I don’t dream of him often anymore, but I dreamt of him early this morning.
We were doing what we loved together, fishing. For some reason, it wasn’t from a boat, but we were in some body of water where we had to swim around taking a special line and tackle and dangling it in front of the fish.
We became separated and fished a little on our own with our special tackle. There were others there and at one point, it became too crowded and we got out of the water and met up in this house where others were gathering. Dale had lost his special tackle, but I still had mine and he said, “I’ve found this great place to fish without anyone, it’s a cabin, let’s take your tackle and see what we can catch. We’d better hurry because it’s getting dark.”
As we started to leave, I went to grab my tackle and someone had taken it. “Let me go with you,” the man who had my tackle said.
I smiled at him, grabbed my tackle and line from him and told him, “We don’t play well with others,” and I looked at Dale and motioned, “He’s my weirdo.”
I woke up. It was 4 a.m.

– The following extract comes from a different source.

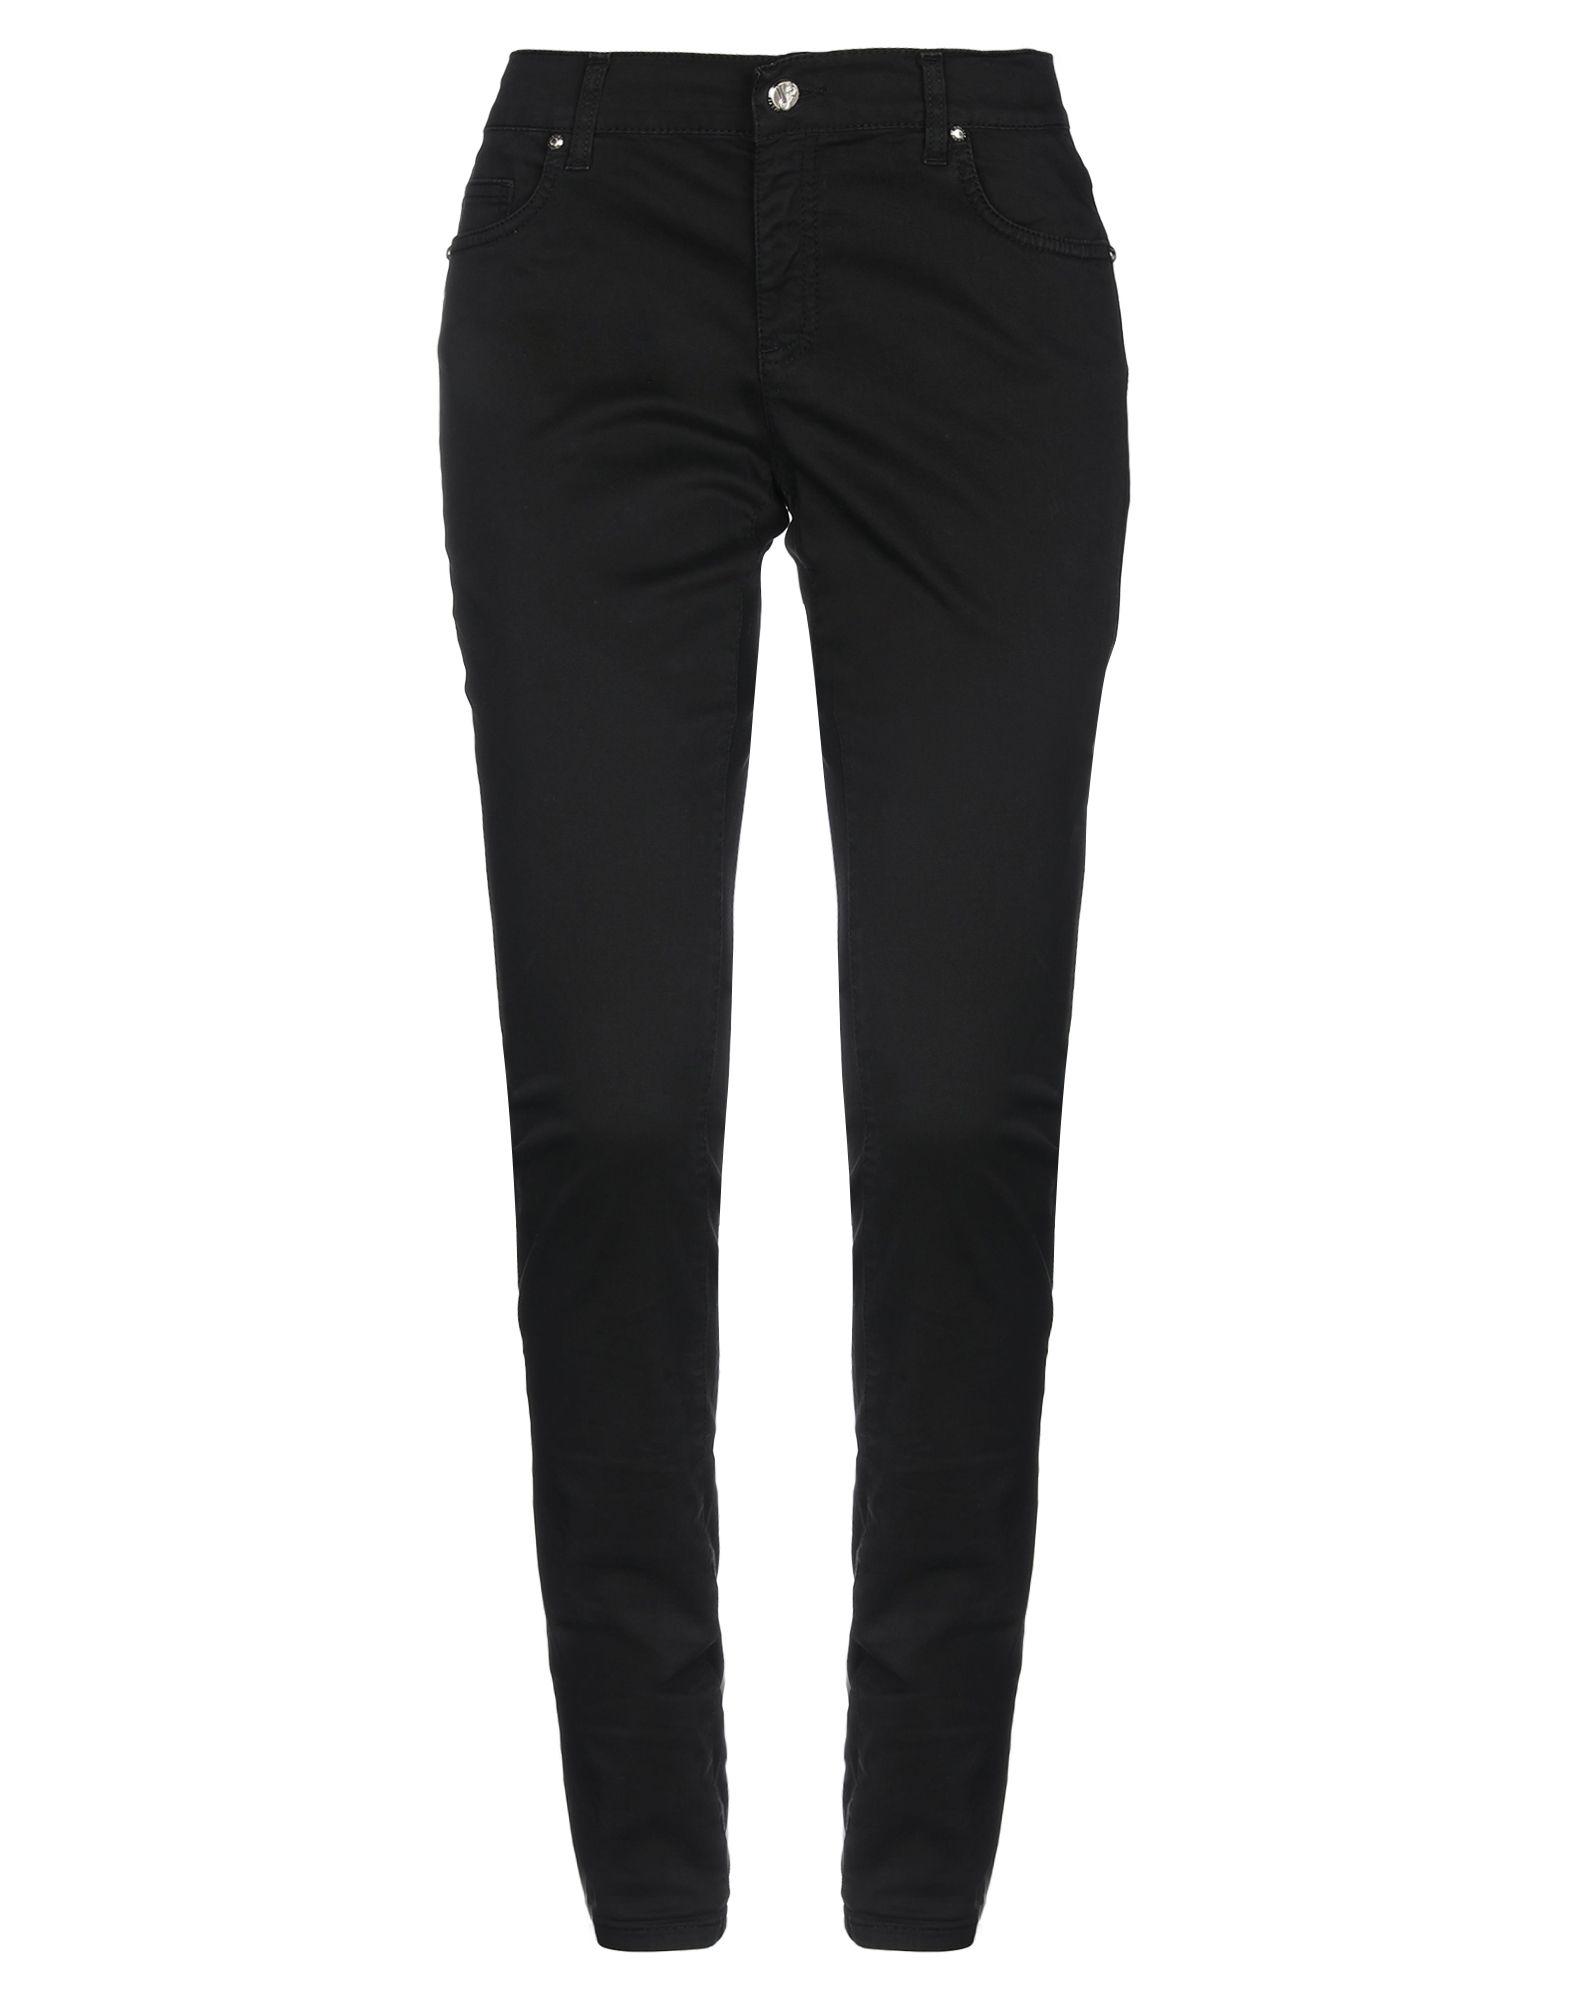 Pantalone  ersace Jeans Jeans Jeans donna - 13153144LC f3c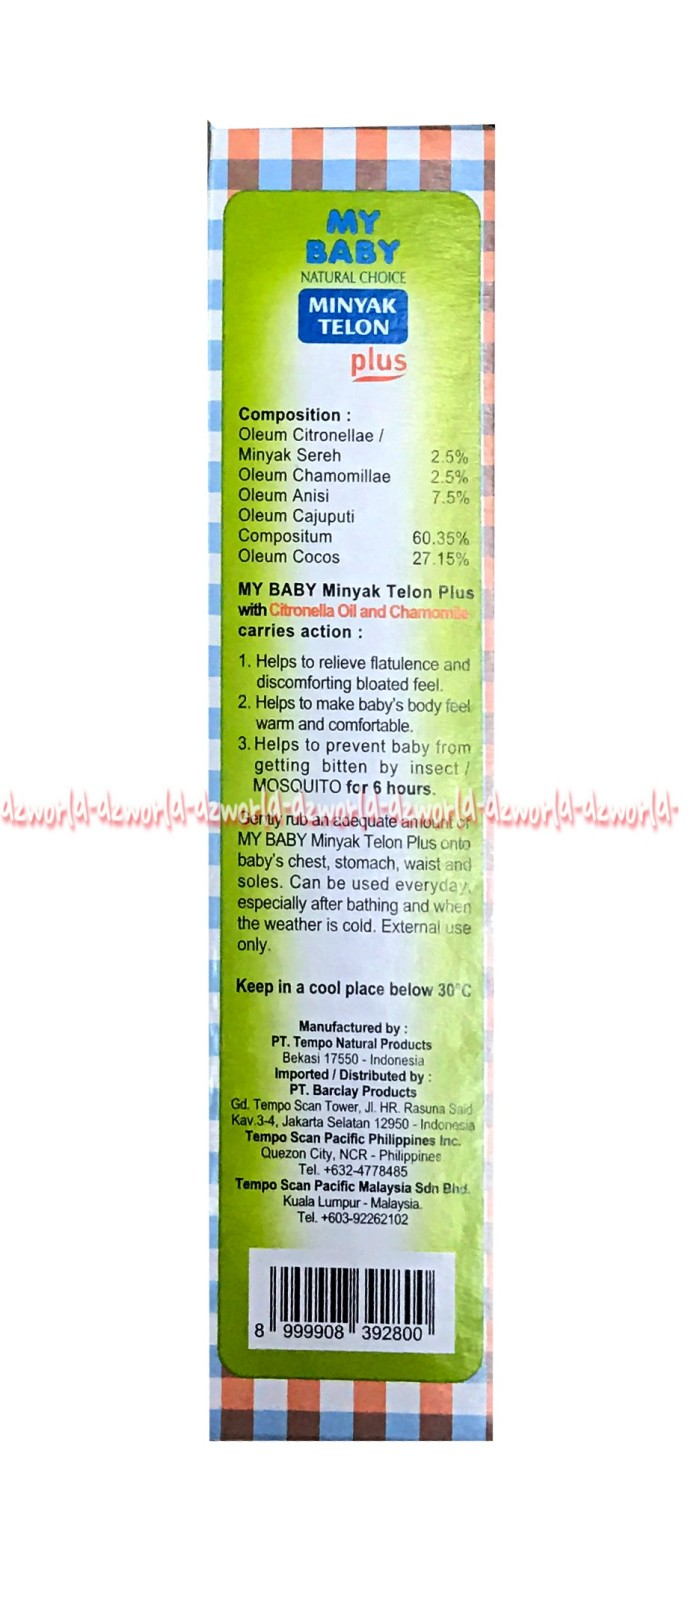 Free Tissue Basah My Baby Minyak Telon Plus Longer Protection 90 Ml 90ml Mtk033 Melindungi Anak Dari Gigitan Nyamuk 150ml

I laid there with that for awhile. I felt that familiar wave of grief coming on.
I miss my weirdo.
For those of us who have lost a partner or spouse – especially those of us who had been with them for a long time – we have that feeling. We each have a little “weirdo” in us. And our partners were the one person who got us. The one person who loved us – all of us unconditionally – accepting even our unique quirks.
It’s like we were a part of a two piece puzzle and they were the other piece that fit.
Maybe the dream has meaning and a message for me; maybe it’s just a mix of recent emotions and digesting the tamales I had for supper……
After and hour, I finally got up and turned on my music – my salvation – and finally cried.
Appropriate the first song I turned up was Tom Petty’s “Learning to Fly,” the song I’ve claimed as my widow power ballad.
My thoughts then came back to my here and now, my reality, what I wanted and needed to accomplish for the day, plans for the weekend, which are still up in the air……
I’m a 1-piece puzzle now, it’s up to me to embrace my whole being, my heart, my inner weirdo.
Maybe that’s the lesson of the dream.